Task to complete> With pictures left out, copy exactly every line from the one containing "Alternate Image 3" through the end of the material.

Dataset content>
_____

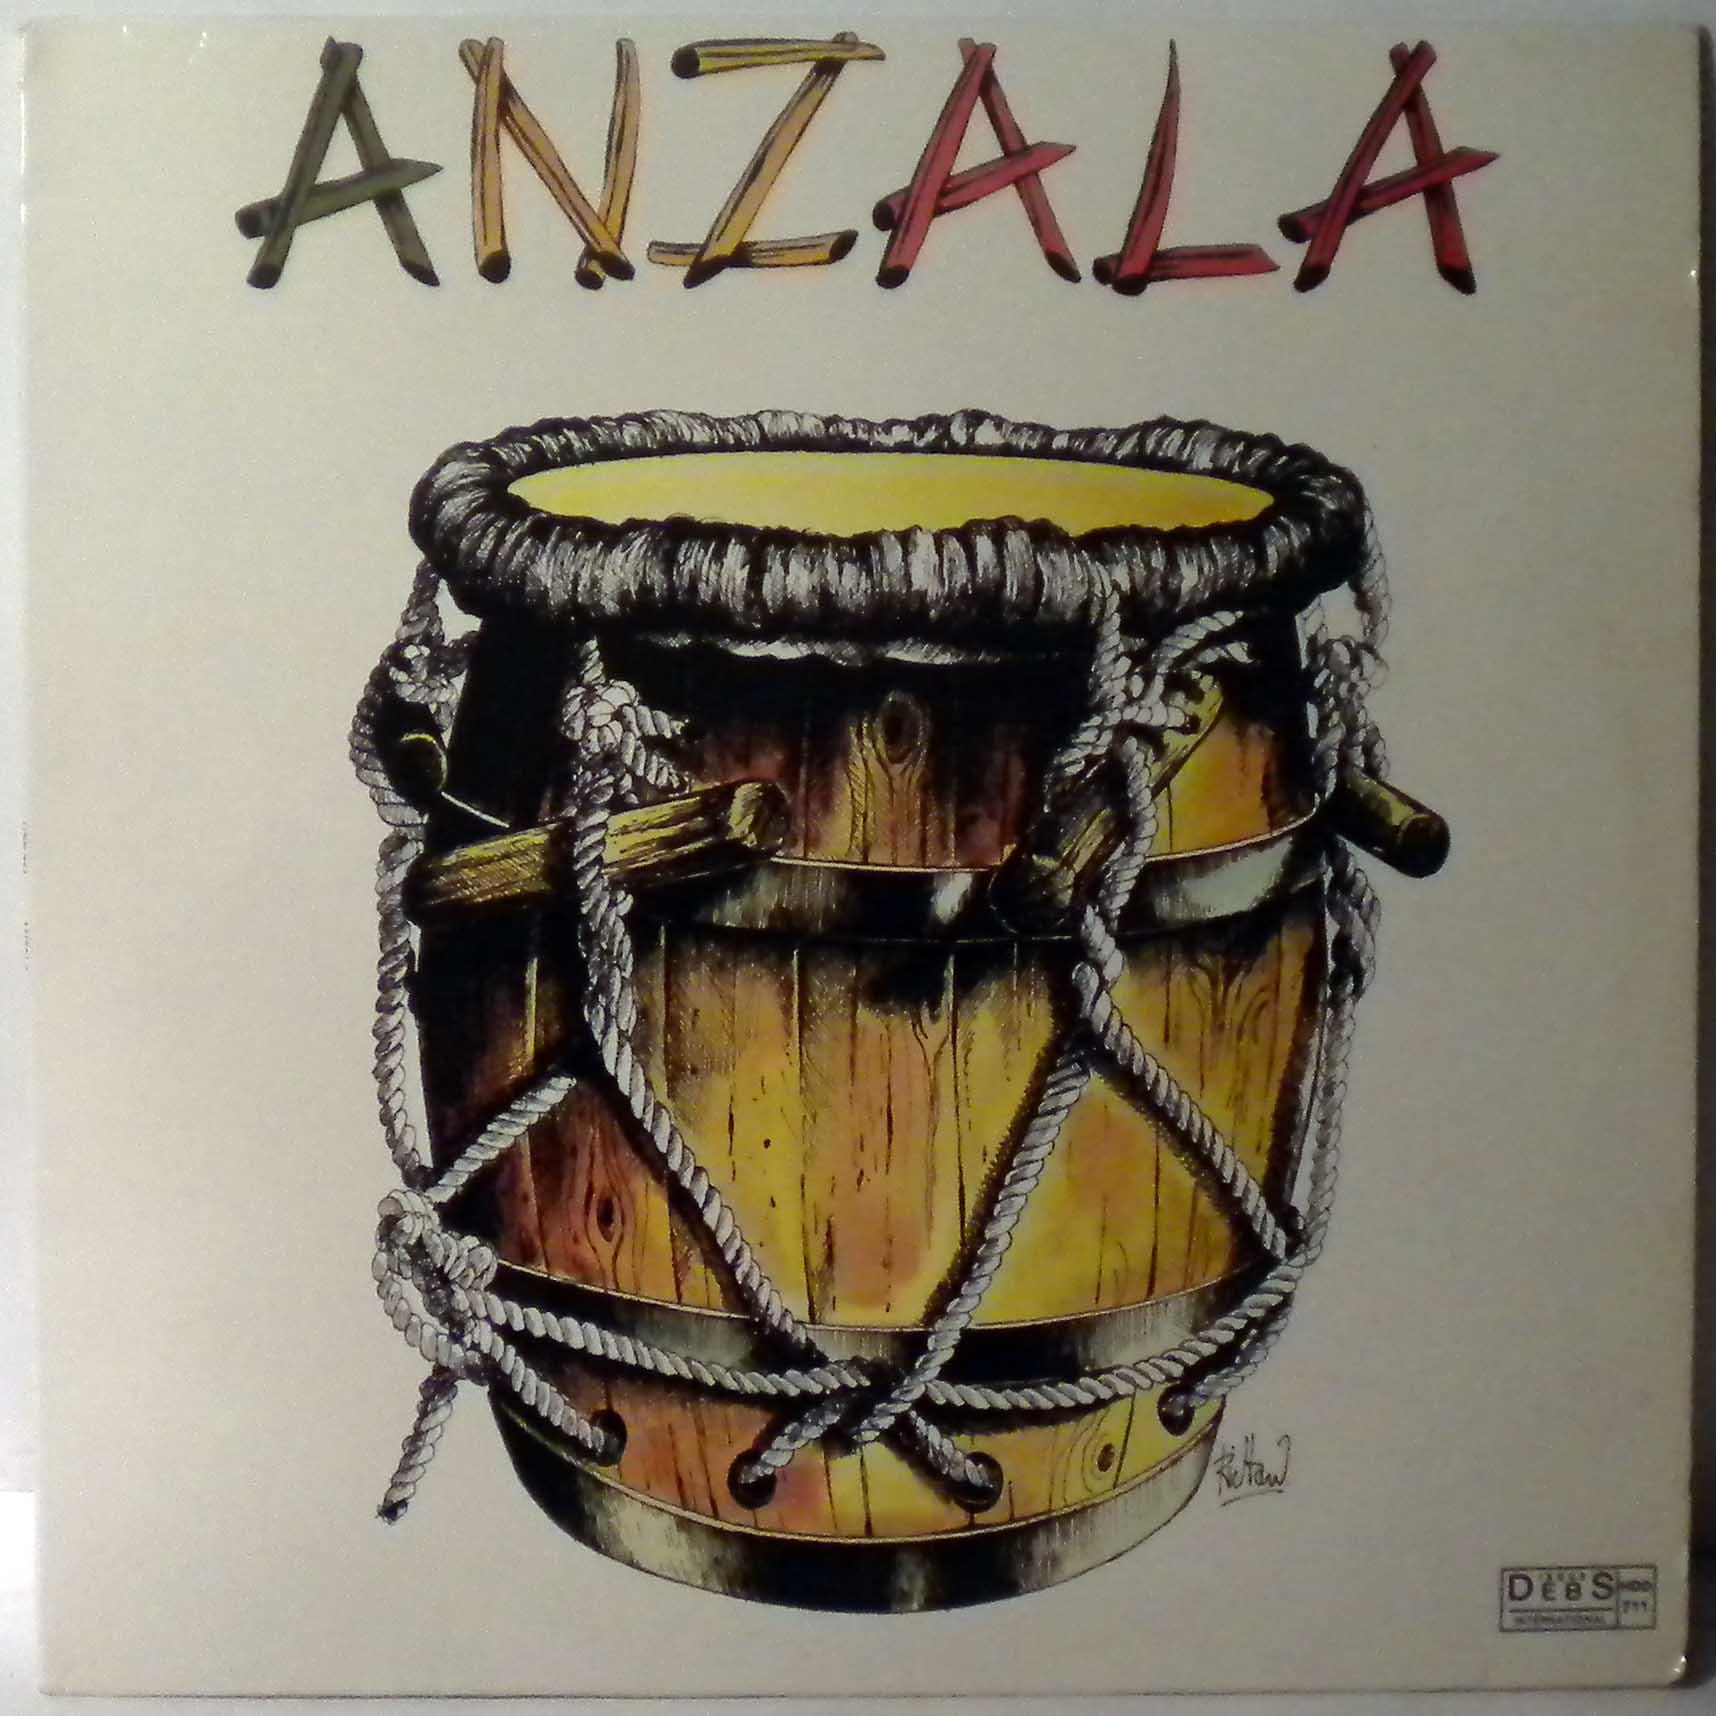 ANZALA - Same - 33T
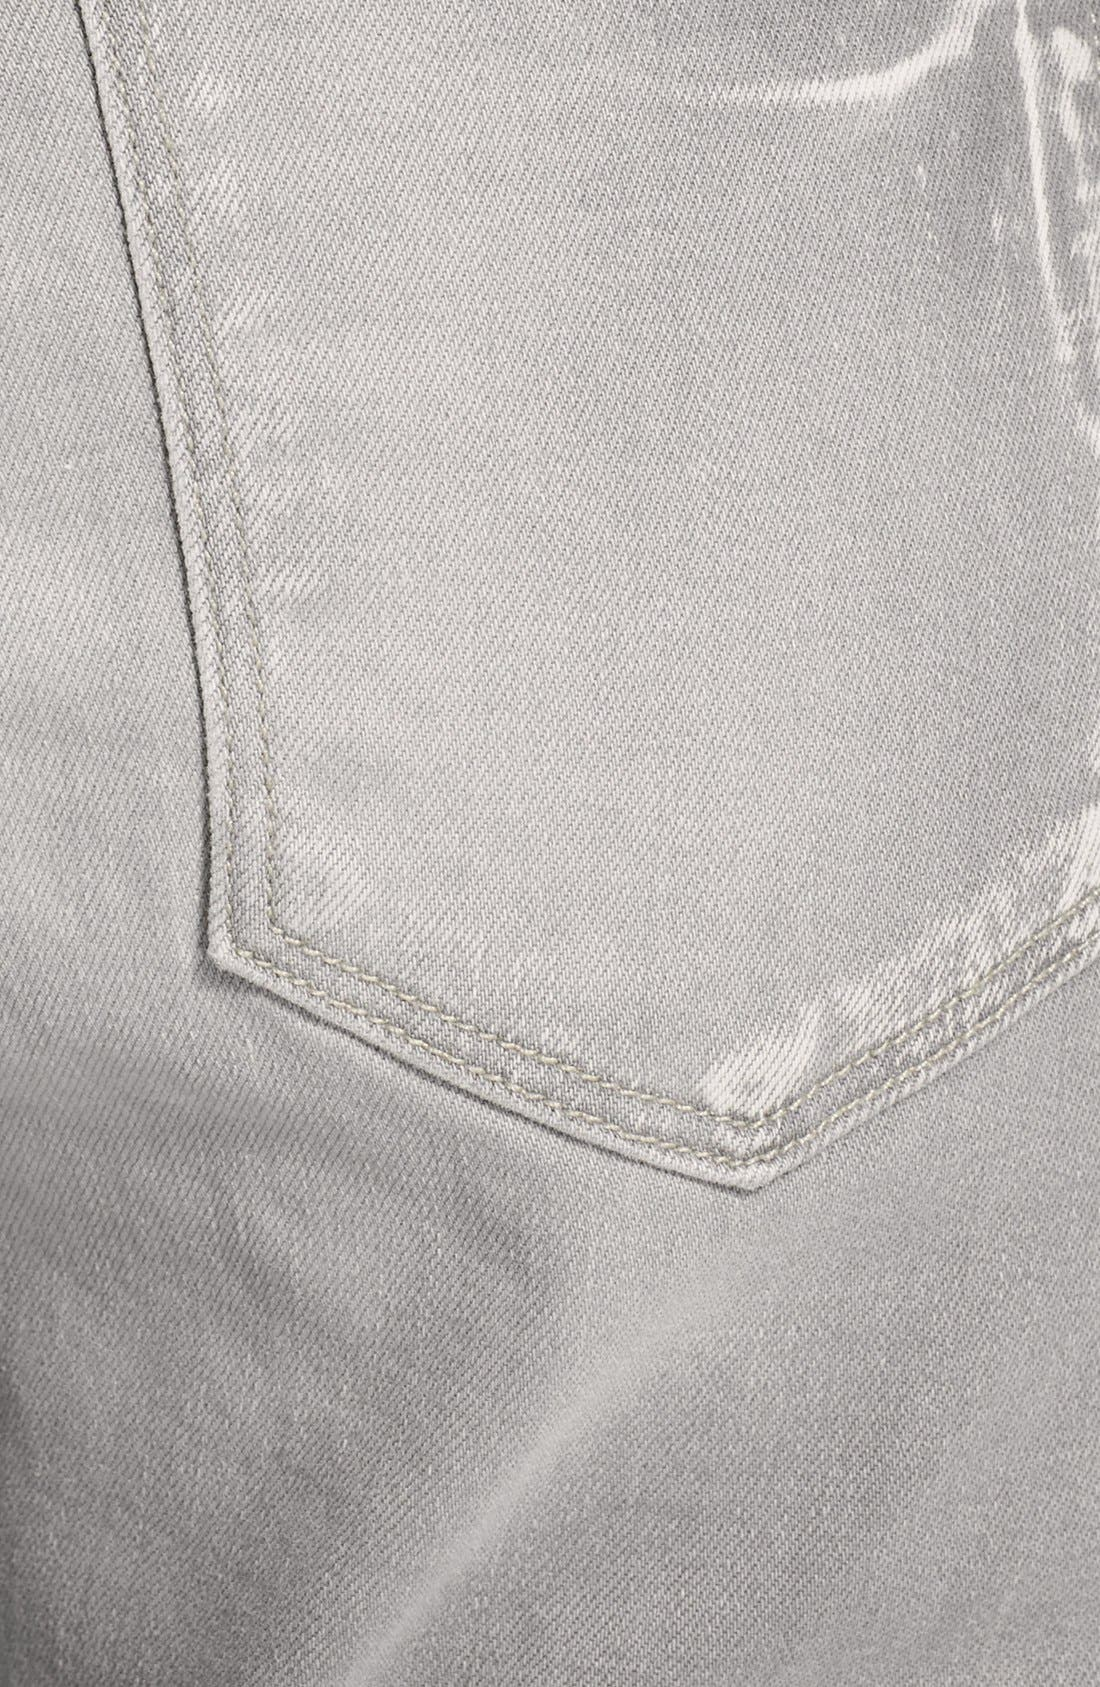 Alternate Image 3  - Frame Denim 'Le Garcon' Slim Boyfriend Jeans (Kensington)
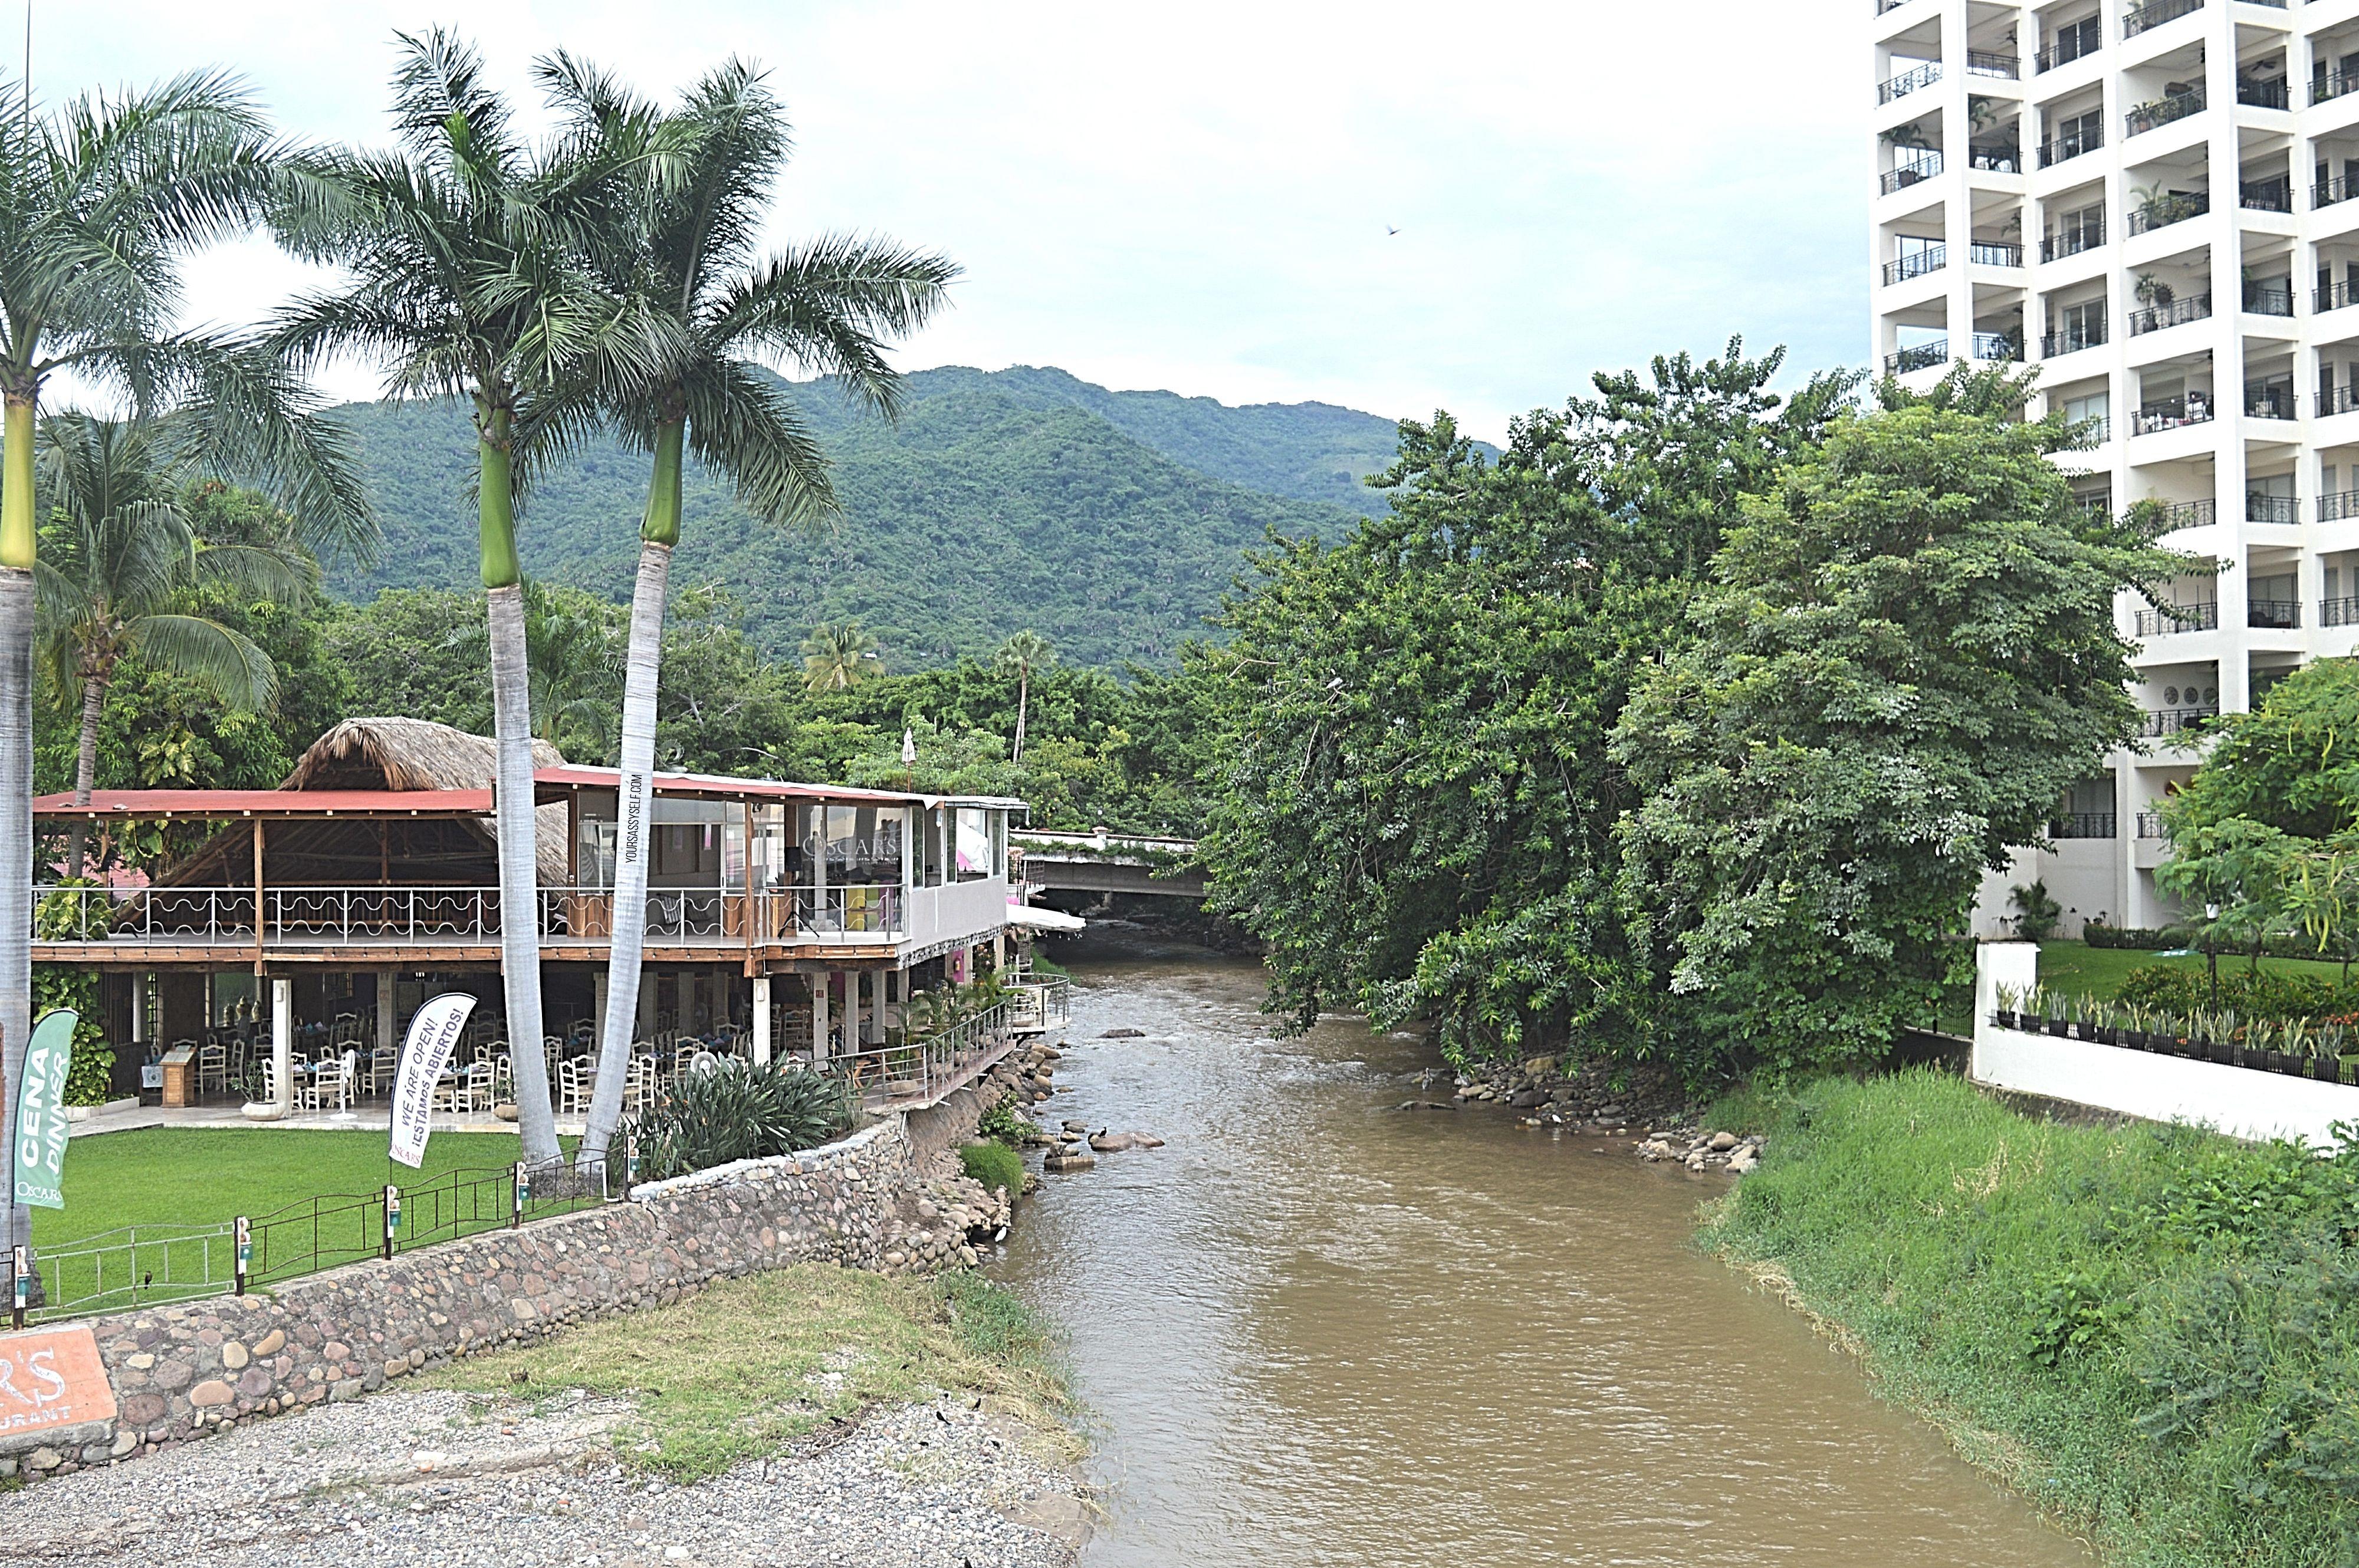 River Cuale - Puerto Vallarta - yoursassyself.com

_____

Final answer>
 Alternate Image 3  - Frame Denim 'Le Garcon' Slim Boyfriend Jeans (Kensington)
 River Cuale - Puerto Vallarta - yoursassyself.com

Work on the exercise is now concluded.